Standardized workflow for multiplexed charge detection mass spectrometry on orbitrap analyzers.

Individual ion mass spectrometry (IMS) is the Orbitrap-based extension of the niche mass spectrometry technique known as charge detection mass spectrometry (CDMS). While traditional CDMS analysis is performed on in-house-built instruments such as the electrostatic linear ion trap, IMS extends CDMS analysis to Orbitrap analyzers, allowing charge detection analysis to be available to the scientific community at large. IMS simultaneously measures the mass-to-charge ratios (m/z) and charges (z) of hundreds to thousands of individual ions within one acquisition event, creating a spectral output directly into the mass domain without the need for further spectral deconvolution. A mass distribution or 'profile' can be created for any desired sample regardless of composition or heterogeneity.

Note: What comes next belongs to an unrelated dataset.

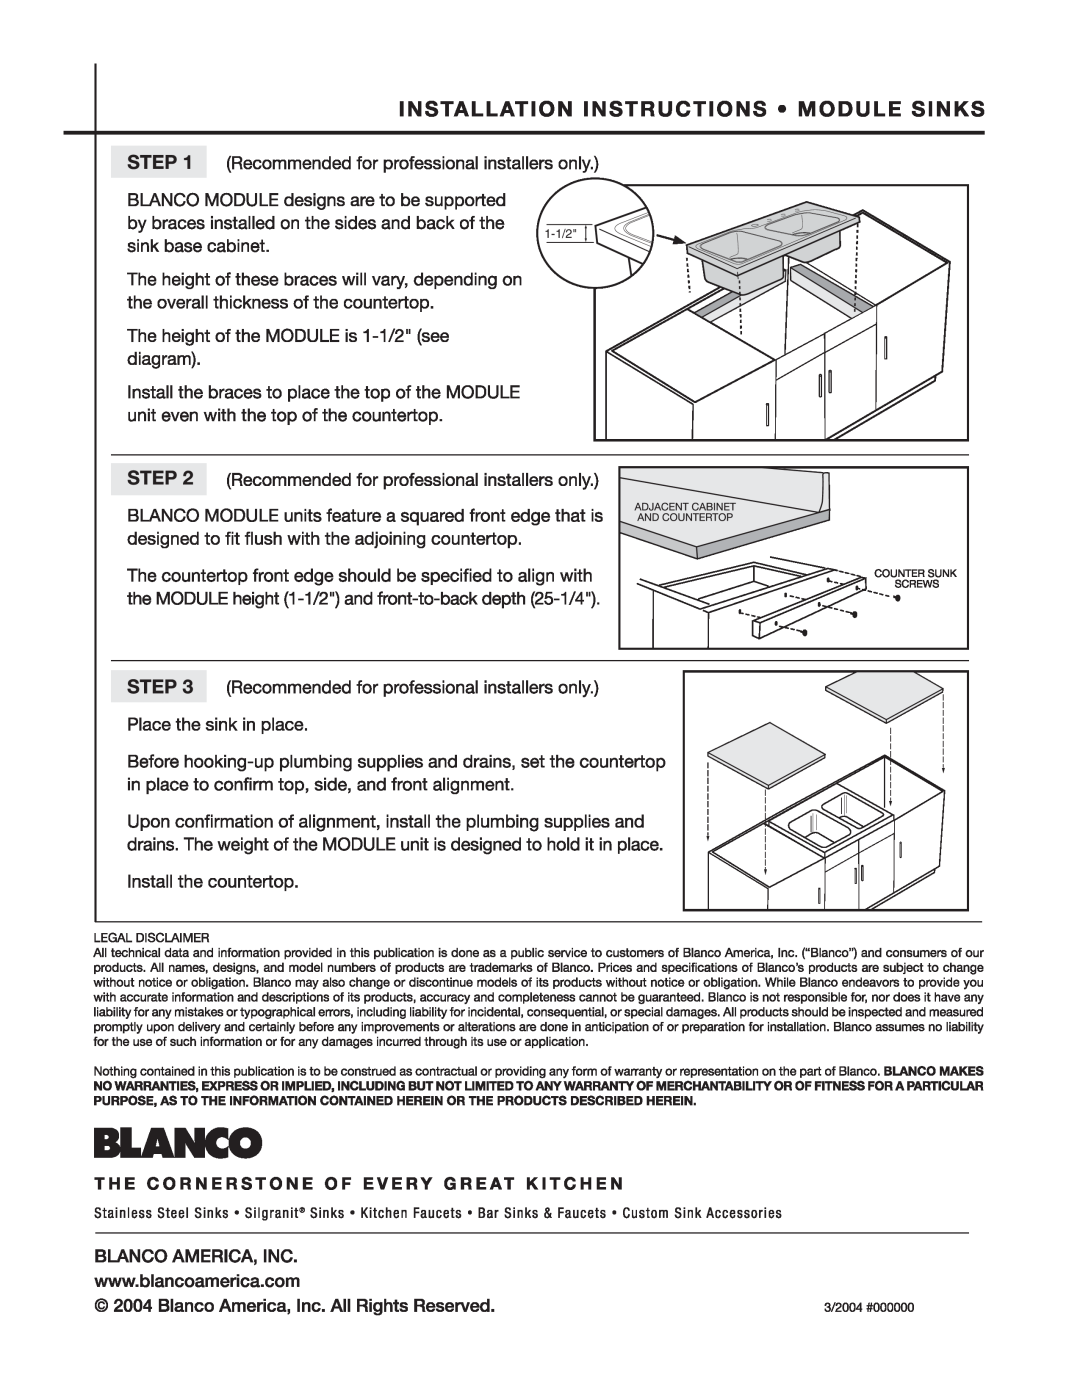 Blanco Sink manual

To assist in reducing IMS analysis to practice, we developed this workflow for data acquisition and subsequent data analysis, which includes (i) protein sample preparation, (ii) attenuation of ion signals to obtain individual ions, (iii) the creation of a charge-calibration curve from standard proteins with known charge states and finally (iv) producing a meaningful mass spectral output from a complex or unknown sample by using the STORIboard software. This protocol is suitable for users with prior experience in mass spectrometry and bioanalytical chemistry. First, the analysis of protein standards in native and denaturing mode is presented, setting the foundation for the analysis of complex mixtures that are intractable via traditional mass spectrometry techniques. Examples of complex mixtures included here demonstrate the relevant analysis of an intact human monoclonal antibody and its intricate glycosylation patterns.